Protein Representation Learning with Sequence Information Embedding: Does it Always Lead to a Better Performance?
Yang Tan, Lirong Zheng, Bozitao Zhong, Liang Hong, Bingxin Zhou
TL;DR
The paper questions the blanket benefit of incorporating amino acid sequence information into protein representations for structure-related tasks. It introduces ProtLOCA, a roto-equivariant GVP-based framework that encodes local geometric structure without relying on amino acid types, and validates it on global and local structure alignment tasks. On independent CATH-based benchmarks, ProtLOCA achieves state-of-the-art global structure matching and demonstrates the ability to identify common local structural motifs across proteins with different overall folds, including cases where sequence-based methods falter. The work suggests a shift toward structure-centric representations for function inference and highlights the importance of focusing on local geometries when structure alignment is the primary objective.
Abstract
Deep learning has become a crucial tool in studying proteins. While the significance of modeling protein structure has been discussed extensively in the literature, amino acid types are typically included in the input as a default operation for many inference tasks. This study demonstrates with structure alignment task that embedding amino acid types in some cases may not help a deep learning model learn better representation.

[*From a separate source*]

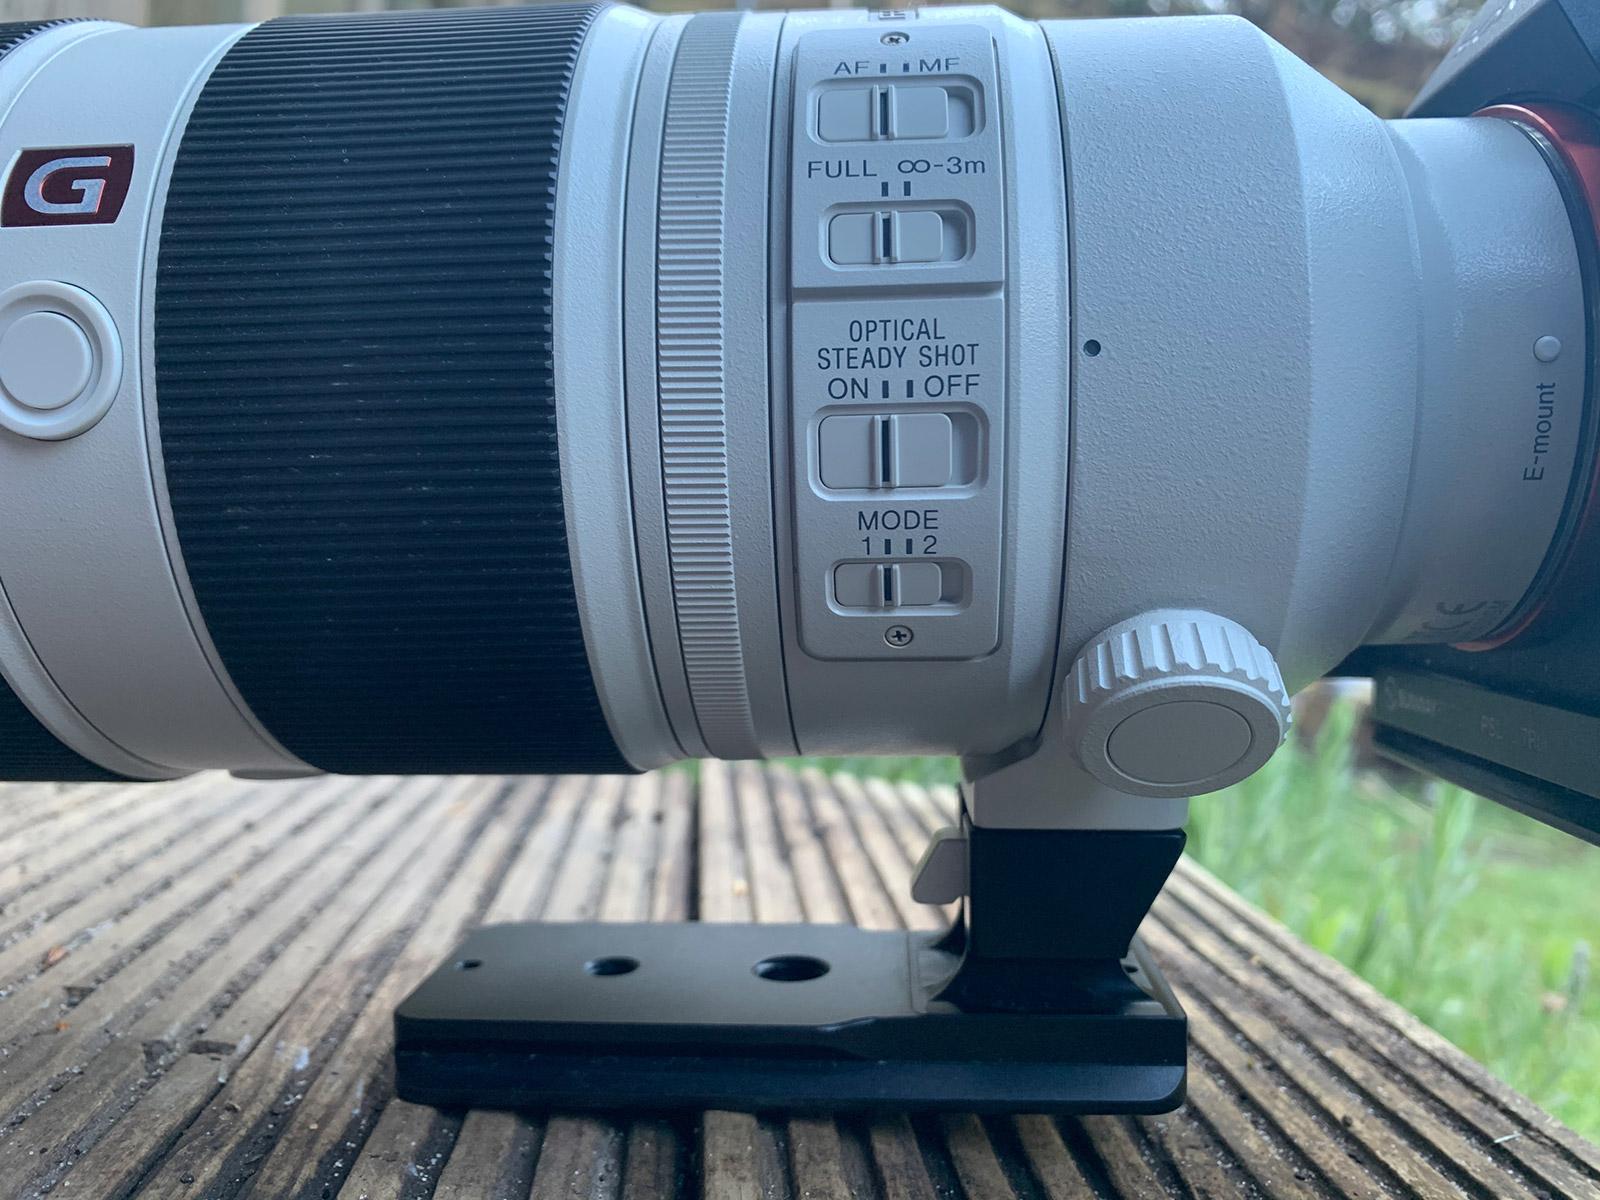 Controls on lens barrel Sony 100-400mm lens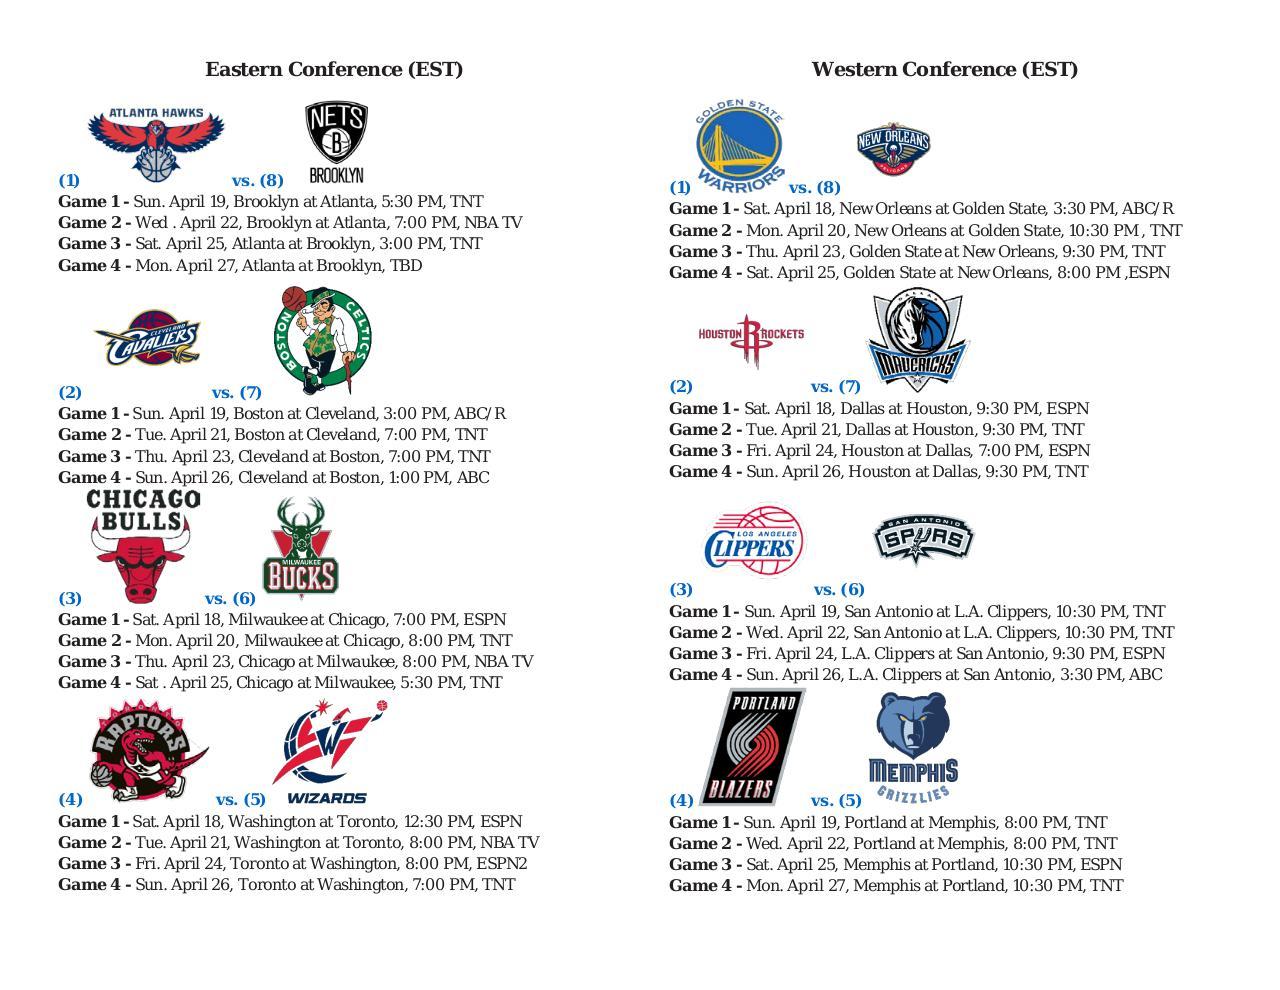 Nba playoff dates 2015

To this end, we propose ProtLOCA, a local geometry alignment method based solely on amino acid structure representation. The effectiveness of ProtLOCA is examined by a global structure-matching task on protein pairs with an independent test dataset based on CATH labels. Our method outperforms existing sequence- and structure-based representation learning methods by more quickly and accurately matching structurally consistent protein domains. Furthermore, in local structure pairing tasks, ProtLOCA for the first time provides a valid solution to highlight common local structures among proteins with different overall structures but the same function. This suggests a new possibility for using deep learning methods to analyze protein structure to infer function.